Les erreurs qui coûtent le plus cher#
Aucune n'est exotique. Ce sont les fautes ordinaires qui rognent des dizaines de milliers d'euros sur une vie d'épargne, et toutes s'évitent.
- Ouvrir un PER sans être imposé : la déduction ne sert à rien si vous payez peu d'impôt.
- Laisser l'argent en fonds euros peu rémunérateur au lieu de l'investir sur le long terme.
- Oublier que le PER est bloqué jusqu'à la retraite et y mettre de l'argent dont vous aurez besoin.
- Négliger les frais : un contrat bancaire chargé en frais d'entrée et de gestion ampute fortement le résultat.
- Ne pas prendre date sur une assurance vie tôt : le compteur fiscal des 8 ans ne démarre qu'à l'ouverture.
PER, assurance vie et PEA en un coup d'œil#
Si vous ne deviez retenir que l'essentiel : le PER défiscalise mais bloque, l'assurance vie reste souple et imbattable sur la succession, et le PEA exonère les actions européennes après cinq ans. La plupart des foyers ne choisissent pas un seul produit — ils les combinent selon leur tranche d'imposition et leur horizon.
Le fil conducteur ne change pas d'un produit à l'autre : des frais bas, des versements réguliers et automatiques, et un horizon long. L'enveloppe n'est qu'un outil fiscal ; c'est votre discipline d'épargne, année après année, qui construit réellement la retraite.
- Choisissez le PER si votre tranche marginale est élevée et que l'argent peut rester bloqué jusqu'à la retraite.
- Choisissez l'assurance vie si vous voulez de la souplesse, une fiscalité douce après 8 ans et un avantage de succession.
- Ajoutez un PEA si vous investissez en actions européennes sur le long terme.

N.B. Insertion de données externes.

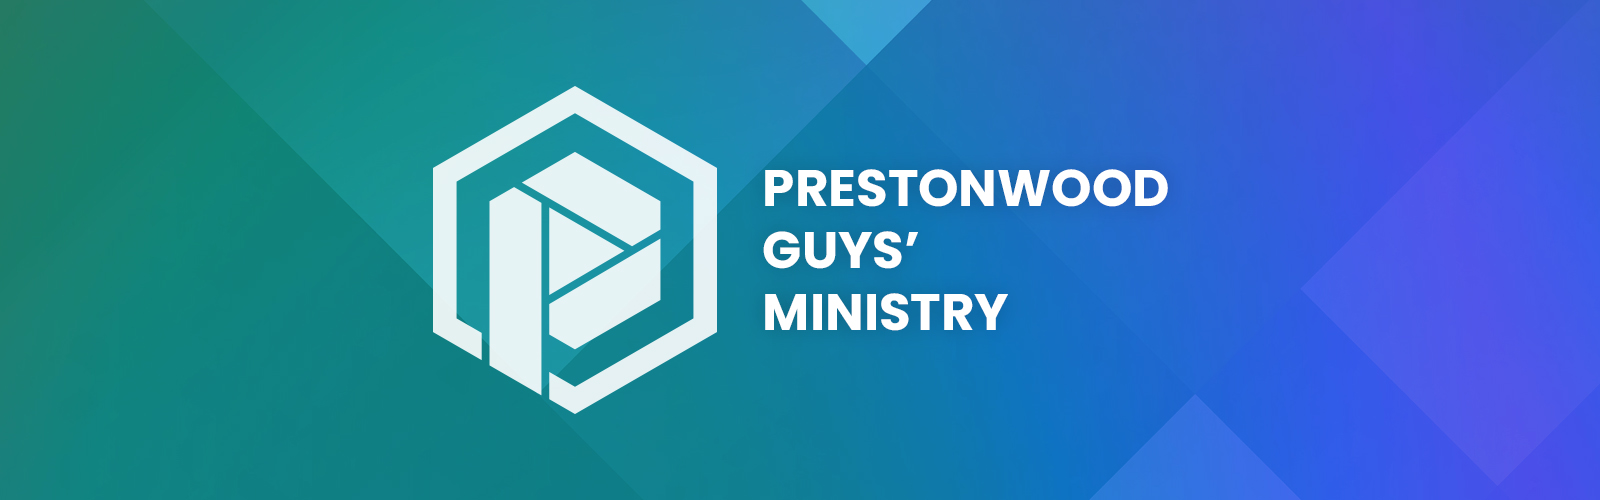 Guys' Ministry

- Dans tous les cas, investissez dans des fonds à bas coût et commencez tôt : c'est ce qui compte le plus.
Questions fréquentes
Questions fréquentes
Le PER si votre tranche marginale est élevée (30% ou plus) et que vous n'aurez pas besoin de l'argent avant la retraite : la déduction est alors puissante. L'assurance vie si vous voulez de la souplesse et préparer votre succession. Beaucoup de foyers utilisent les deux.
Contenu éducatif — pas un conseil financier personnalisé.